Gravemind go gung ho with their songwriting evolution and have taken long strides since their 2017 EP, ‘The Deathgate’. Without this growth, executing a record this complex would be like landing a jumbo jet with a broken landing gear; astonishingly, the whole cacophony is effortless. Lead single Volgin is a prime example, firing off with paint peeling assault of black-metal served with a side of tech-death and rhythmic stabs that land like Jason Vorhees’ machete. Fun fact: this monster cut was premiered on day time Triple J. Sorry Karen, picking the kids up from soccer practice will never be the same, will it? Singer Dylan Gilles-Parsons’ chainsaw vocals rip through the mix with an impressive arsenal of tones and grit that launch his nihilistic narrative of a past that refuses to die. “I’m drowning in air, burning alive, breathe in the ash, I’ll be reminded of what I am.” Again, every time his barks lock in with guitar slingers Damon Bredin, Michael Petritsch and Aden Young it’s blissful, ‘lose your fucking mind in the mosh’ inspiring unity. For a group with more strings than Hans Zimmer, they know how to make each element hold its own. Reading;Steiner is flooded with feedback swells, tapped melodies and soaring harmonies, every element managing to stay completely out of each other’s way. The boys aren’t shy with their modulation effects either; Vox Populi’s intro guitar lines are drenched with vibrato before catapulting into more jagged shredding. Speaking of these wonderful guitars, I can’t praise the harmonic complexity here enough, I am literally drained of praise. FOR THE LOVE OF GOD GET ME A PRAISE IV, STAT. Mid-record shredder Hard Rain hits so hard because Gravemind go above and beyond to drive forward through melodies and harmonies. The rising progressing that kicks it off, the heartbreaking descents; it’s painful and personal, a theme that’s expanded upon with various creative approaches to vocal production. Gilles-Parson isn’t afraid to push the envelope with spoken word passages and multi-stacked, processed harmonies that wouldn’t sound out of place in a Daft Punk floorfiller. It’s brave, risky and absolutely set this beast of a record apart.

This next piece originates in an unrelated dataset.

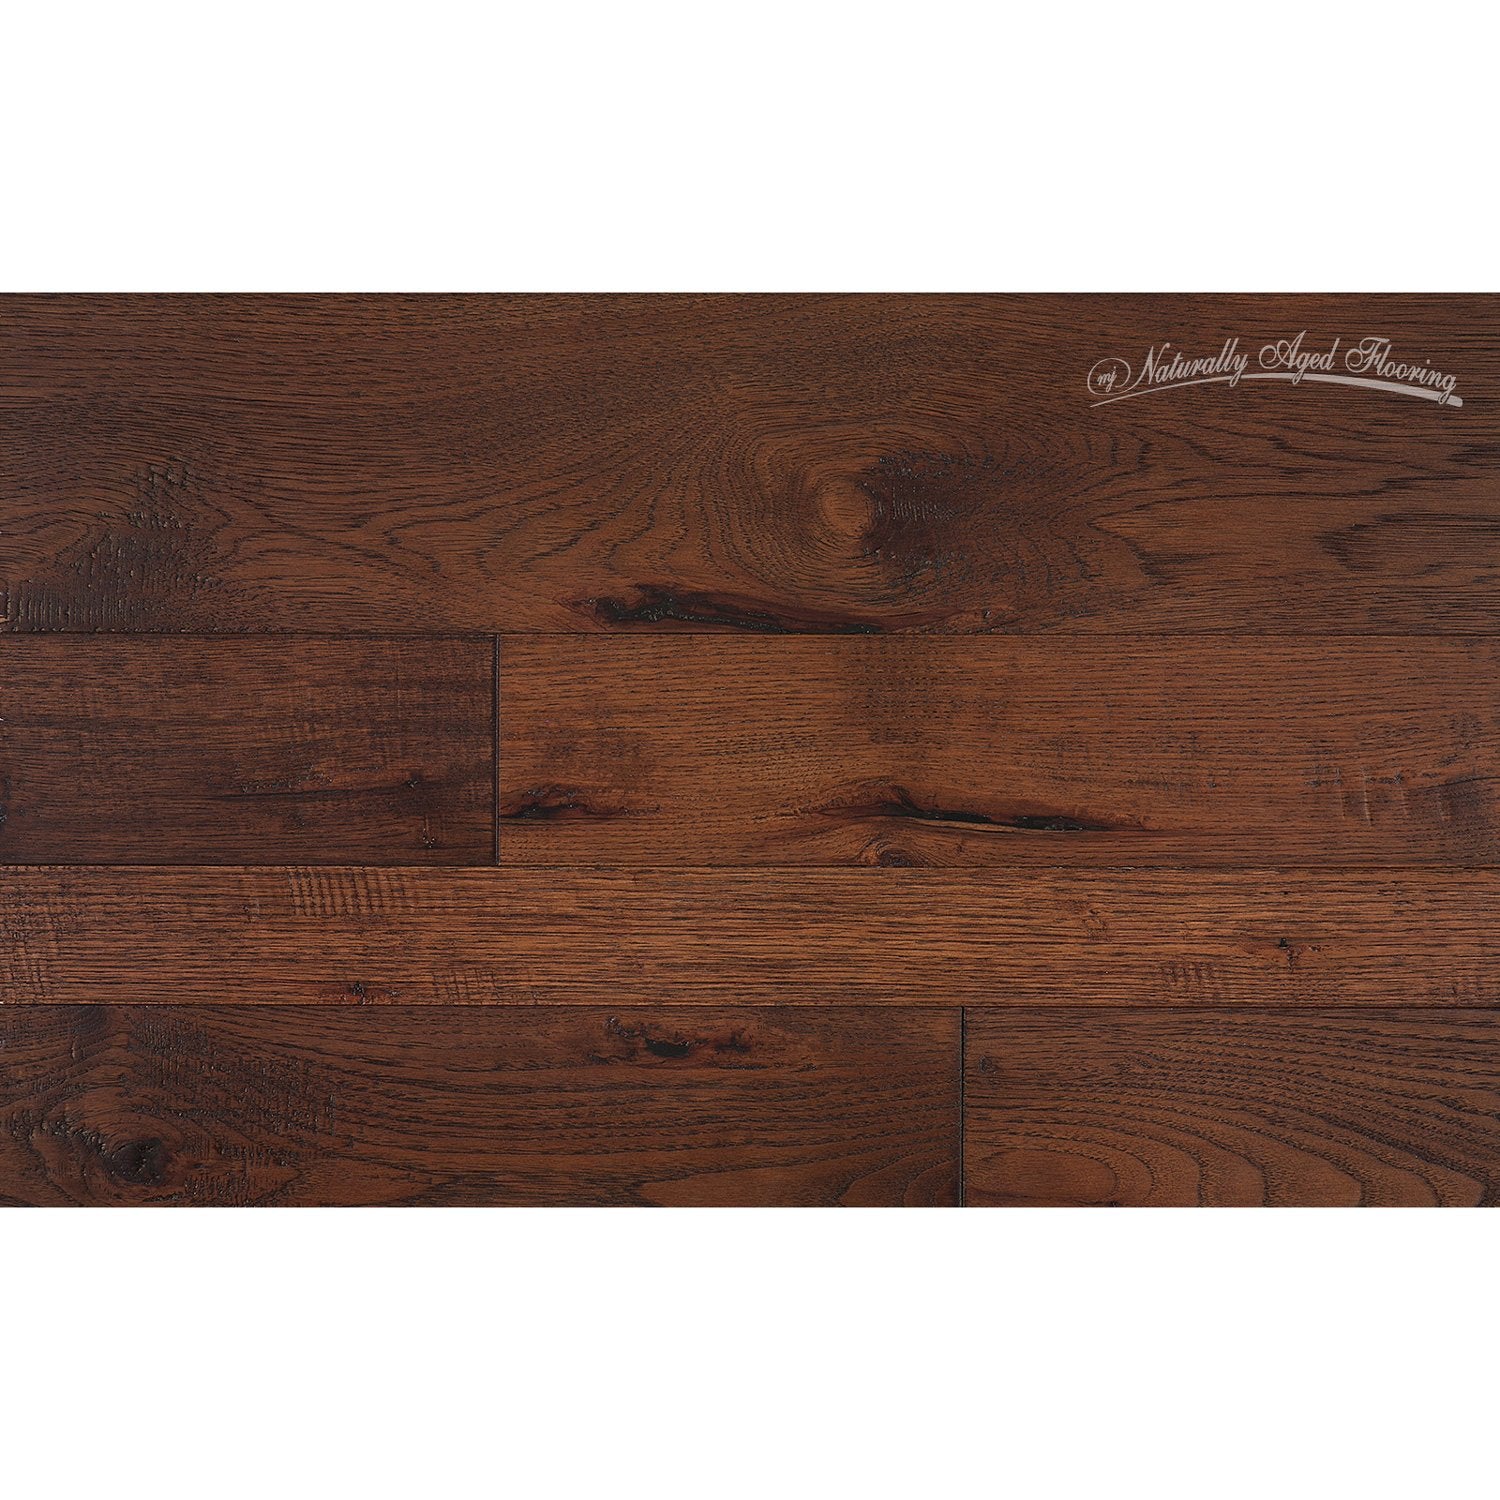 Naturally Aged Flooring - Medallion Collection Engineered Hardwood - Marsala

‘Conduit’ is an astonishingly well realised debut that will stun you with its scale and burrow deep into your soul with it’s musicianship and message; I am tickled fucking pink to have the pleasure of being flung around like a pinball by the sheer mass of these cuts. Gravemind extend a comforting hand to the broken and discarded in a conscious effort to heal frustration and suffering. Fans of everything heavy, do yourself a favour. Buy this record, see Gravemind live and get fuckin’ healed.